(Collected data entries)
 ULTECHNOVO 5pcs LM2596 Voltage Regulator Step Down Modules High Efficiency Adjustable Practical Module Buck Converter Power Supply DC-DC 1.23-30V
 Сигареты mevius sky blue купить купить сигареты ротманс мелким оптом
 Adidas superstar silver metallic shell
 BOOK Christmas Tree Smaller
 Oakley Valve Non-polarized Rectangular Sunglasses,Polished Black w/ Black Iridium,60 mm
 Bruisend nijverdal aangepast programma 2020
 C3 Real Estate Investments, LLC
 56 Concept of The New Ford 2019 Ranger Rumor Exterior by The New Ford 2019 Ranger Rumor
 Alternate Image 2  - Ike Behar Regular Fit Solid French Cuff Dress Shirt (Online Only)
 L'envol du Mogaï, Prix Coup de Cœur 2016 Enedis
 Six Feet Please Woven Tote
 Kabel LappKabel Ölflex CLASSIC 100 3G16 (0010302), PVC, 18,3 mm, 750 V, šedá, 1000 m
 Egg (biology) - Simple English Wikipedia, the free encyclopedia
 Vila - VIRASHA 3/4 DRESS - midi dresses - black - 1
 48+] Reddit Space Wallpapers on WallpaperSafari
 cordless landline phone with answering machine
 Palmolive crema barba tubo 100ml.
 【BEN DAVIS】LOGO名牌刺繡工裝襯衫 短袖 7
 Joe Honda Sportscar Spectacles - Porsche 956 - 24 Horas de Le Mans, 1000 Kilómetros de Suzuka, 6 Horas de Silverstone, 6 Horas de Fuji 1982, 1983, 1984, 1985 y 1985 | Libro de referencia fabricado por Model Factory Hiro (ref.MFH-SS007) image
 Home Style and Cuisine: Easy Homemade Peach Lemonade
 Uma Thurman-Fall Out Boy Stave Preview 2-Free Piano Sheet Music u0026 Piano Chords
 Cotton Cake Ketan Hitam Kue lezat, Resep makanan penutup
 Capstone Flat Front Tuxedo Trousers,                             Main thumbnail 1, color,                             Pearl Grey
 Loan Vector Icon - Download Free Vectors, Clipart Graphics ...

▶ **To do**
Extract all of the data above without altering anything.

▶ **Solution**
 ULTECHNOVO 5pcs LM2596 Voltage Regulator Step Down Modules High Efficiency Adjustable Practical Module Buck Converter Power Supply DC-DC 1.23-30V
 Сигареты mevius sky blue купить купить сигареты ротманс мелким оптом
 Adidas superstar silver metallic shell
 BOOK Christmas Tree Smaller
 Oakley Valve Non-polarized Rectangular Sunglasses,Polished Black w/ Black Iridium,60 mm
 Bruisend nijverdal aangepast programma 2020
 C3 Real Estate Investments, LLC
 56 Concept of The New Ford 2019 Ranger Rumor Exterior by The New Ford 2019 Ranger Rumor
 Alternate Image 2  - Ike Behar Regular Fit Solid French Cuff Dress Shirt (Online Only)
 L'envol du Mogaï, Prix Coup de Cœur 2016 Enedis
 Six Feet Please Woven Tote
 Kabel LappKabel Ölflex CLASSIC 100 3G16 (0010302), PVC, 18,3 mm, 750 V, šedá, 1000 m
 Egg (biology) - Simple English Wikipedia, the free encyclopedia
 Vila - VIRASHA 3/4 DRESS - midi dresses - black - 1
 48+] Reddit Space Wallpapers on WallpaperSafari
 cordless landline phone with answering machine
 Palmolive crema barba tubo 100ml.
 【BEN DAVIS】LOGO名牌刺繡工裝襯衫 短袖 7
 Joe Honda Sportscar Spectacles - Porsche 956 - 24 Horas de Le Mans, 1000 Kilómetros de Suzuka, 6 Horas de Silverstone, 6 Horas de Fuji 1982, 1983, 1984, 1985 y 1985 | Libro de referencia fabricado por Model Factory Hiro (ref.MFH-SS007) image
 Home Style and Cuisine: Easy Homemade Peach Lemonade
 Uma Thurman-Fall Out Boy Stave Preview 2-Free Piano Sheet Music u0026 Piano Chords
 Cotton Cake Ketan Hitam Kue lezat, Resep makanan penutup
 Capstone Flat Front Tuxedo Trousers,                             Main thumbnail 1, color,                             Pearl Grey
 Loan Vector Icon - Download Free Vectors, Clipart Graphics ...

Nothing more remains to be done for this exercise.